Anatoly Yuryevich Moskvin (Nizhny Novgorod, 1 de setembro de 1966) é um linguista, filólogo e historiador russo que foi preso em 2011 depois que os corpos mumificados de 26 meninas e mulheres com idades entre três e 25 anos foram descobertos em seu apartamento. Depois de exumar os corpos dos cemitérios locais, Moskvin mumificou os cadáveres antes de os vestir e colocá-los em sua casa. Os pais de Moskvin, que dividiam o apartamento com ele, sabiam das múmias, mas as confundiram com bonecas grandes.
Uma avaliação psiquiátrica determinou que Moskvin sofre de uma forma de esquizofrenia paranóica. Em maio de 2012, ele foi condenado a uma avaliação psiquiátrica e desde então está detido em um hospital psiquiátrico.
Vladimir Stravinskas, chefe do Comitê de Investigação da Rússia para a região de Nizhny Novgorod, chamou o caso de excepcional e inigualável na medicina forense moderna.

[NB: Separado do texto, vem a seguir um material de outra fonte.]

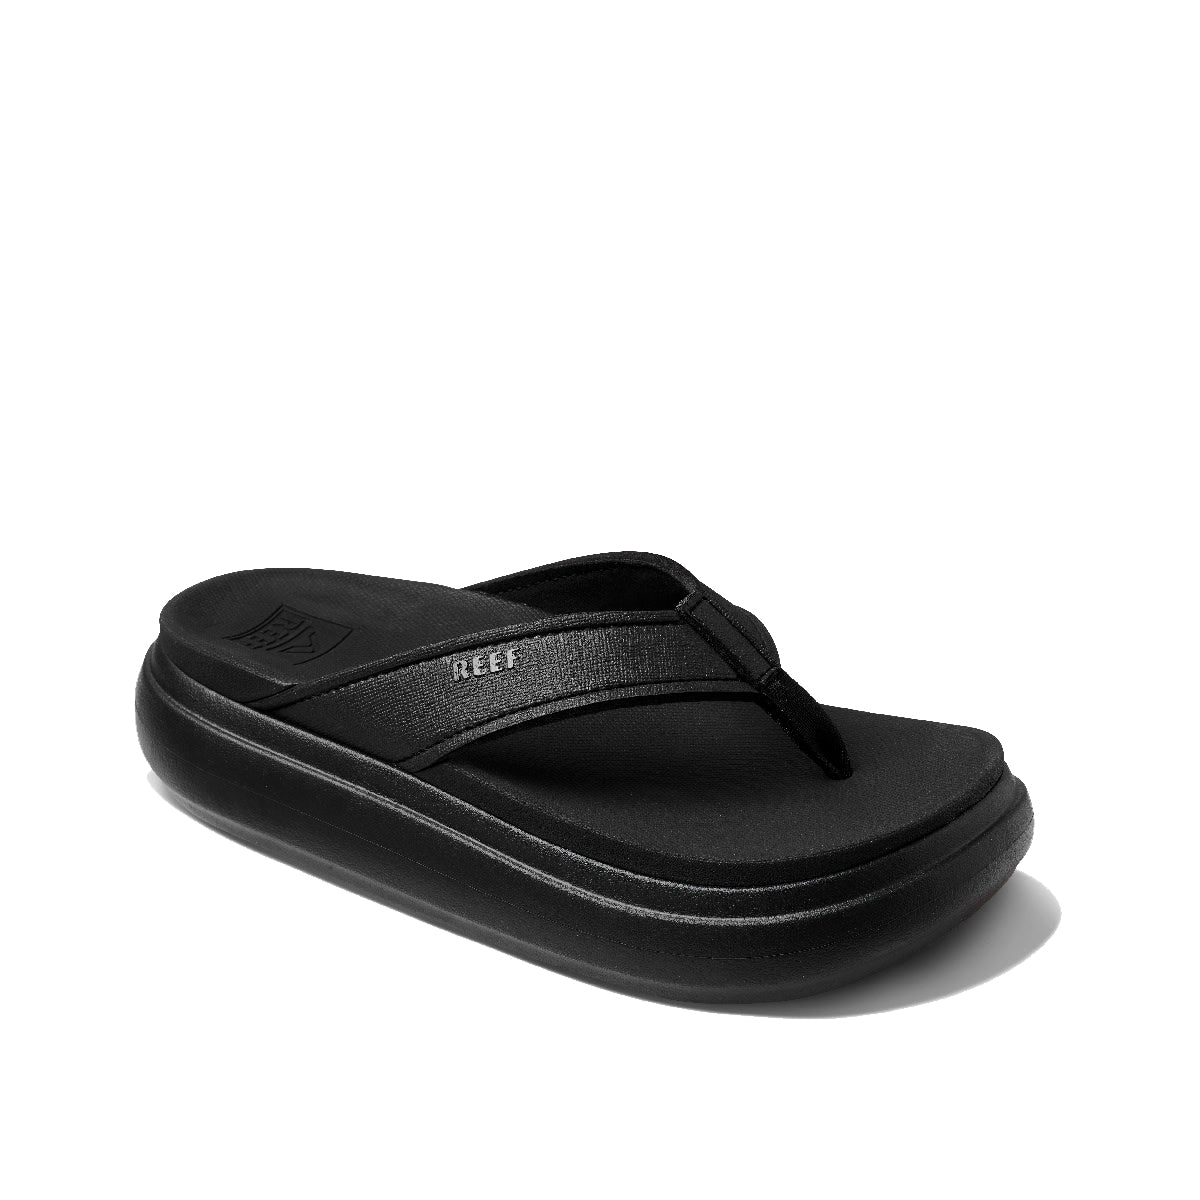 Reef Cushion Bondi Womens Sandals Black-Black 11

Anatoly Moskvin morava em Nizhny Novgorod, a quinta maior cidade da Rússia. Ele disse que começou a vagar por cemitérios com amigos quando ainda era estudante. Em particular, eles visitaram o cemitério Krasnaya Etna, localizado no distrito de Leninsky, em Nizhny Novgorod. Em um artigo escrito pouco antes de sua prisão, Moskvin atribuiu seu interesse pelos mortos a um incidente de infância durante o qual ele testemunhou um cortejo fúnebre para uma menina de 11 anos. Ele alegou que os participantes o forçaram a beijar o rosto da menina morta, escrevendo que "um adulto empurrou meu rosto até a testa cerosa da menina com um gorro bordado e não havia nada que eu pudesse fazer além de beijá-la como ordenado".

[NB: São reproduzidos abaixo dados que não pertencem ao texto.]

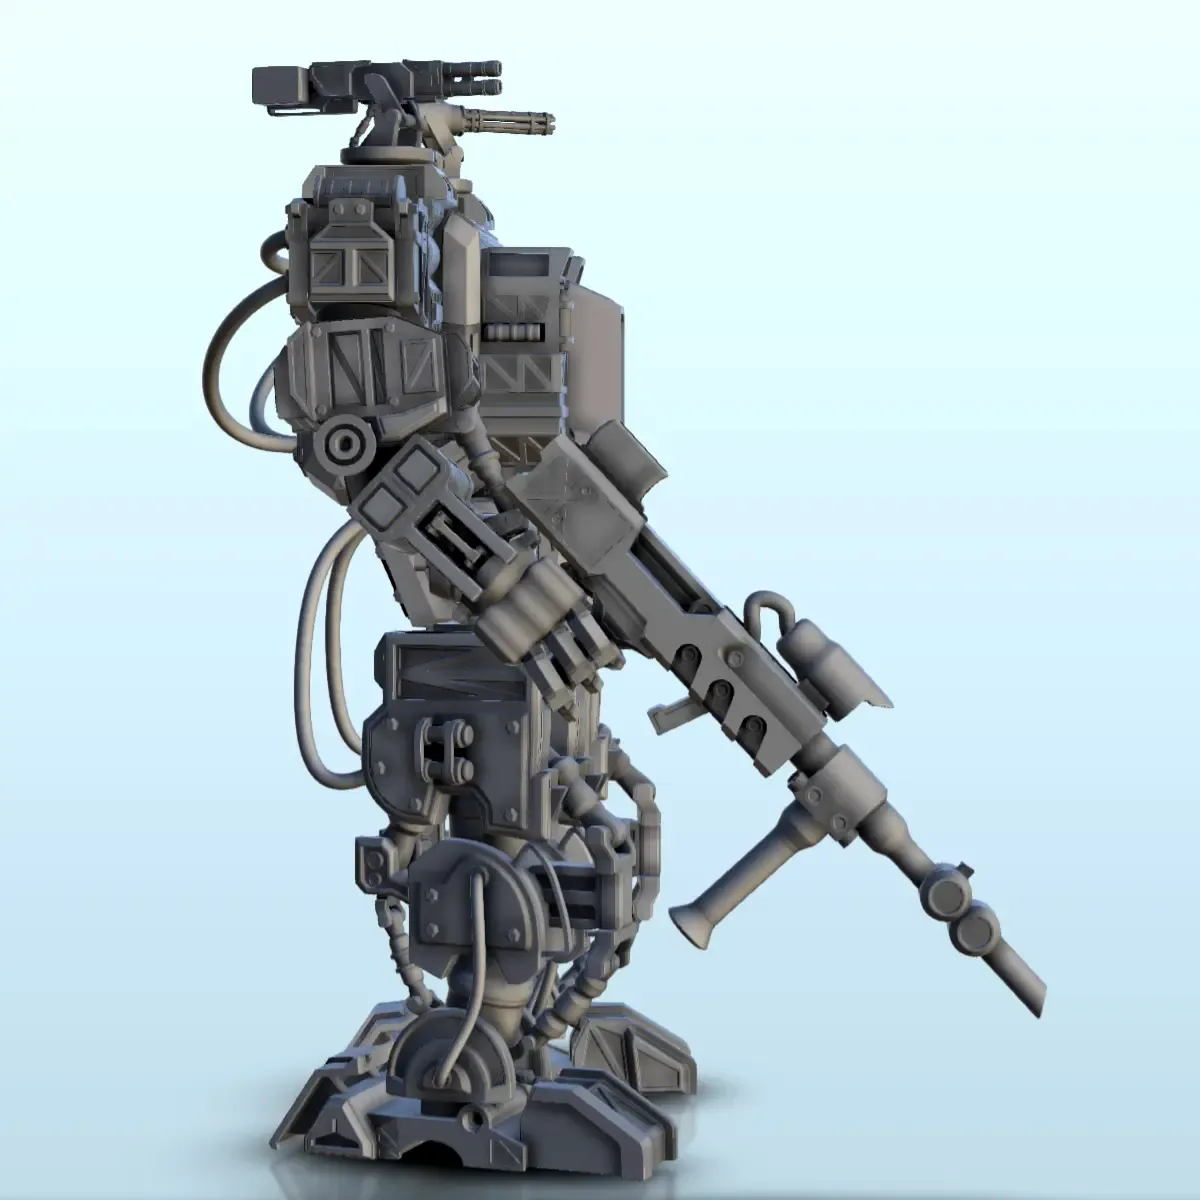 Enos combat robot (11) - sci-fi science fiction future 40k b

Depois de se formar em filologia na Universidade Estatal de Moscou, Moskvin tornou-se conhecido nos círculos acadêmicos. As suas principais áreas de interesse acadêmico eram a história e o folclore celta, bem como as línguas e a linguística. Moskvin tinha um profundo interesse em cemitérios, rituais funerários, morte, e ocultismo. Ele manteve uma biblioteca pessoal de mais de 60 mil livros e documentos, bem como uma grande coleção de bonecas. Acadêmicos colegas descreveram Moskvin como um gênio e um excêntrico.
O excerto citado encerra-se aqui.